TASK DETAILS: Every line of the material must be given again verbatim. Skip the images.

DATASET CONTENT:
[Start of Attachment]
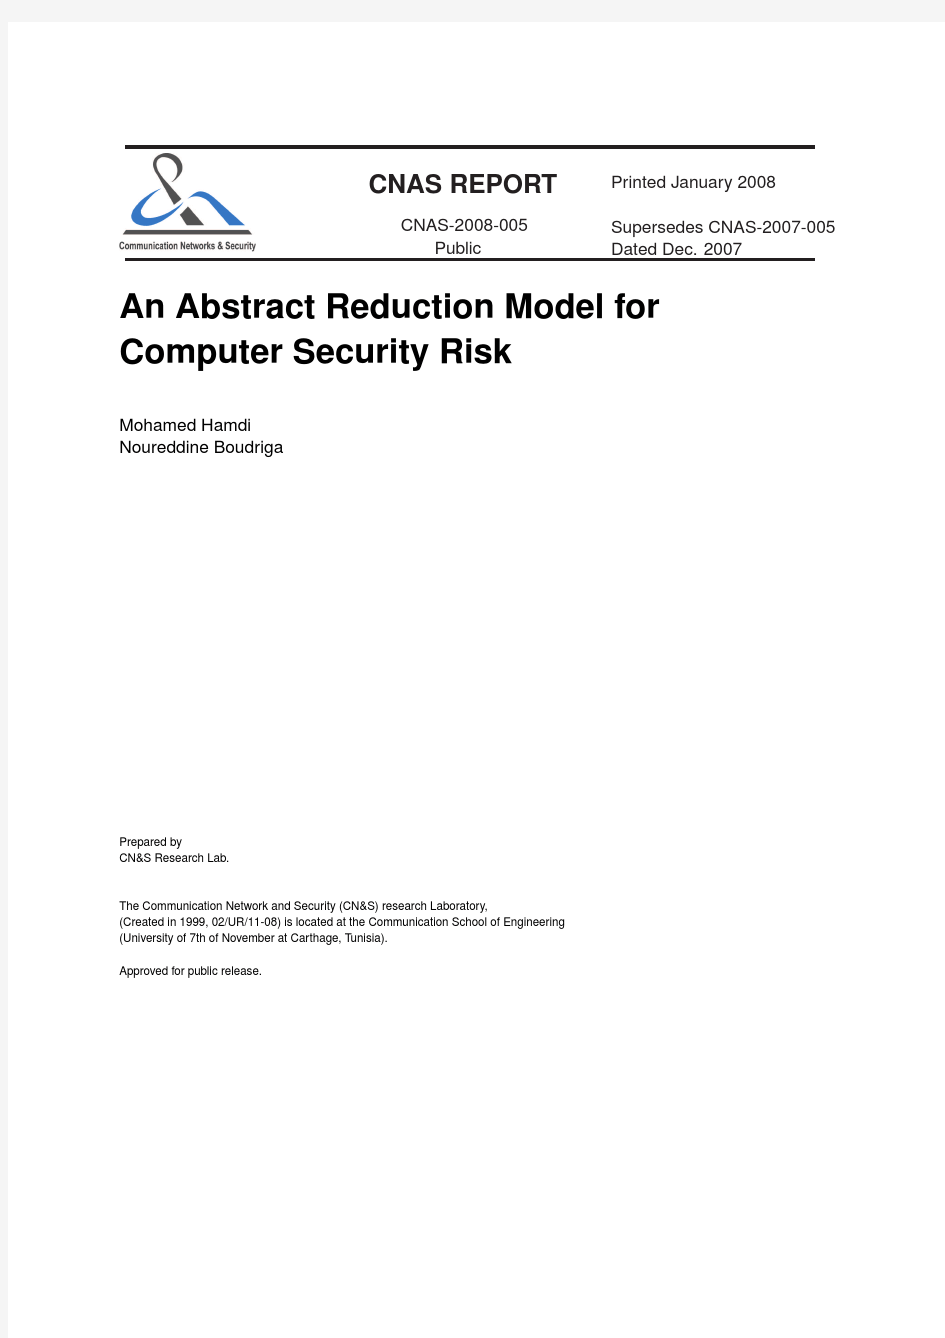 AN ABSTRACT REDUCTION MODEL FOR COMPUTER SECURITY RISK
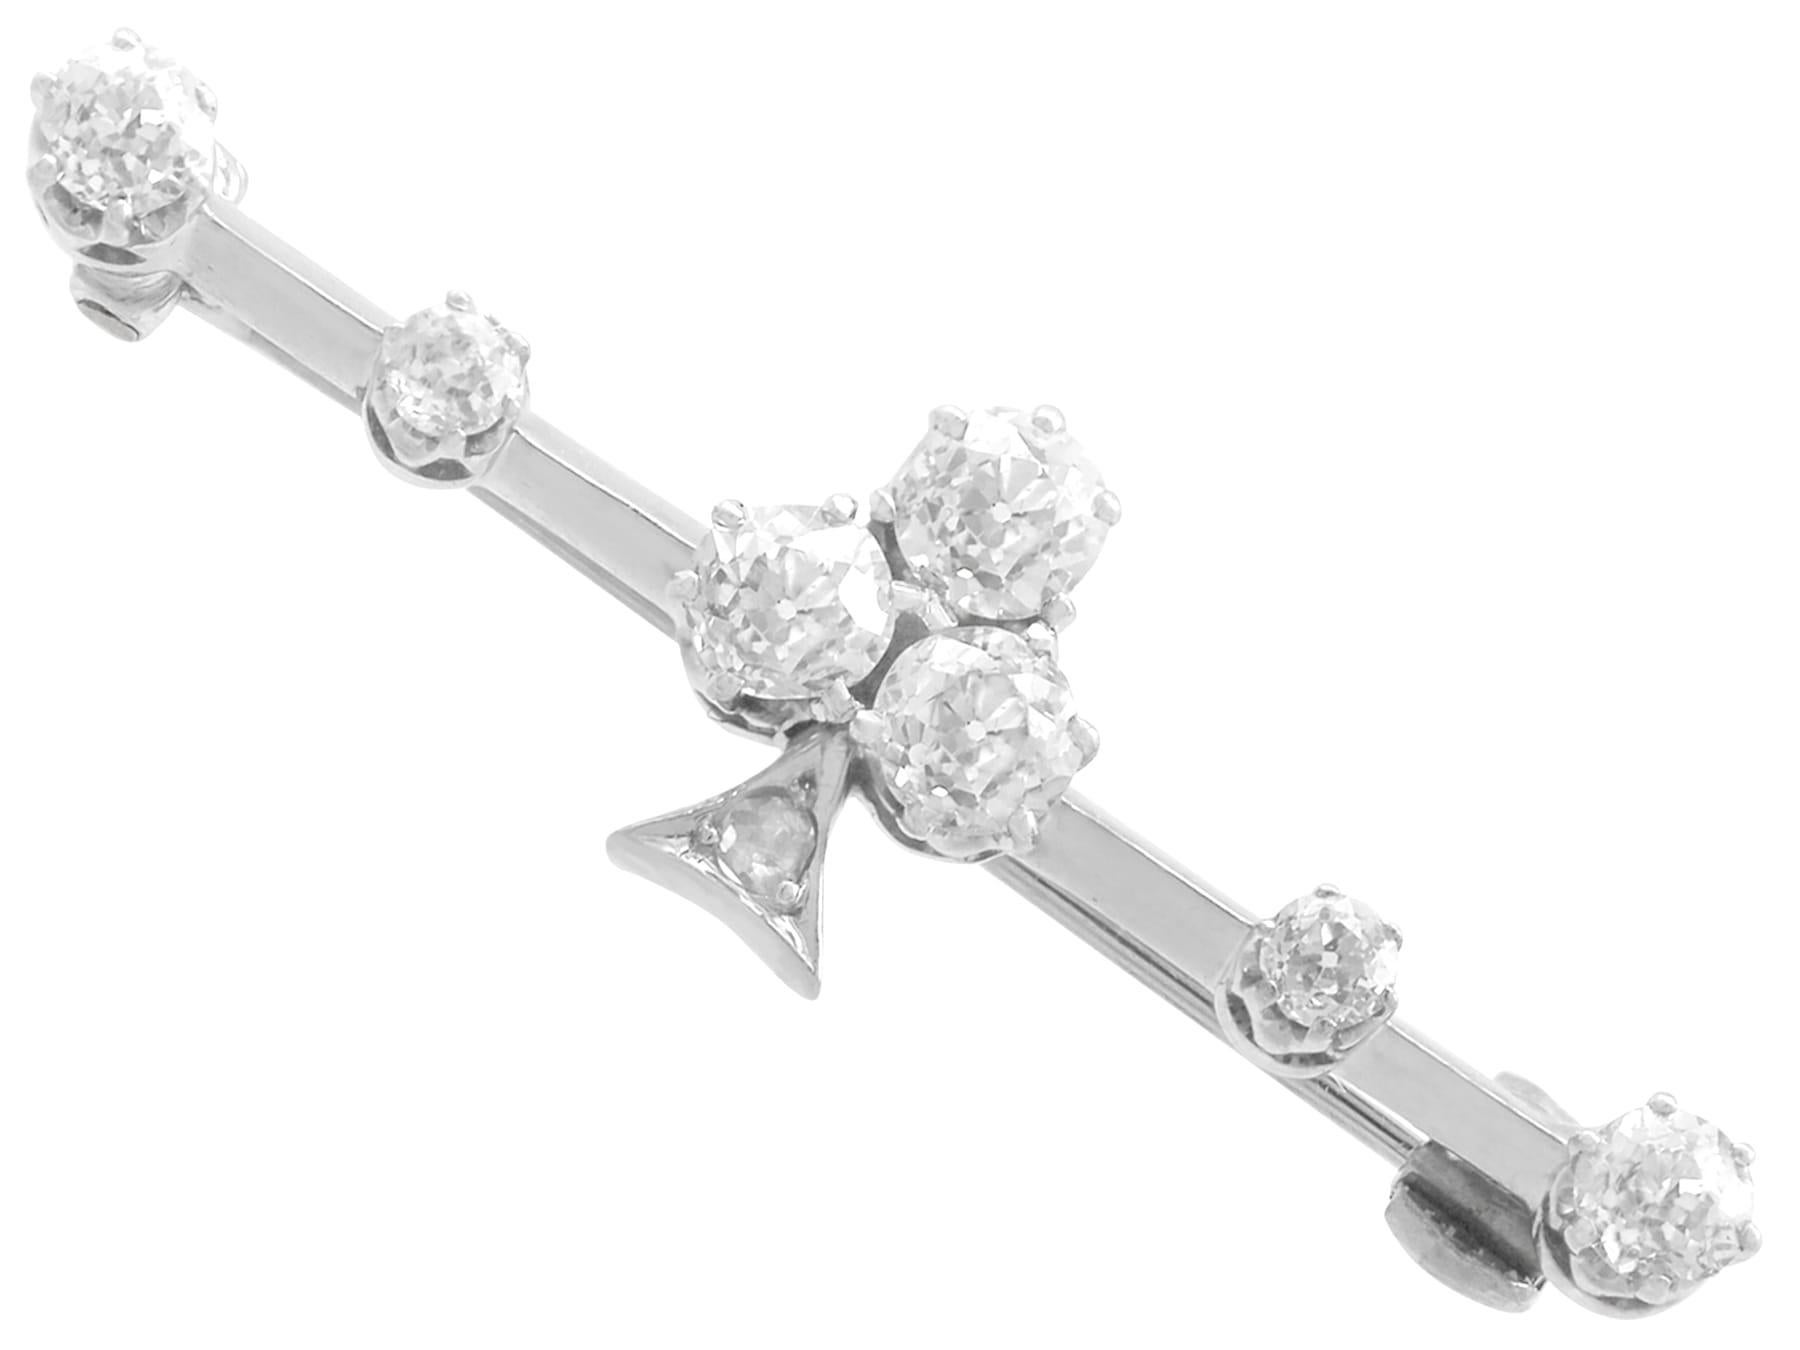 A fine and impressive antique 0.85 carat diamond and 14k white gold bar style brooch; part of our diverse antique diamond jewelry collections

This fine and impressive antique diamond bar brooch has been crafted in 14k white gold.

The brooch is
[End of Attachment]
ANSWER BOX:
 AN ABSTRACT REDUCTION MODEL FOR COMPUTER SECURITY RISK
 A fine and impressive antique 0.85 carat diamond and 14k white gold bar style brooch; part of our diverse antique diamond jewelry collections

This fine and impressive antique diamond bar brooch has been crafted in 14k white gold.

The brooch is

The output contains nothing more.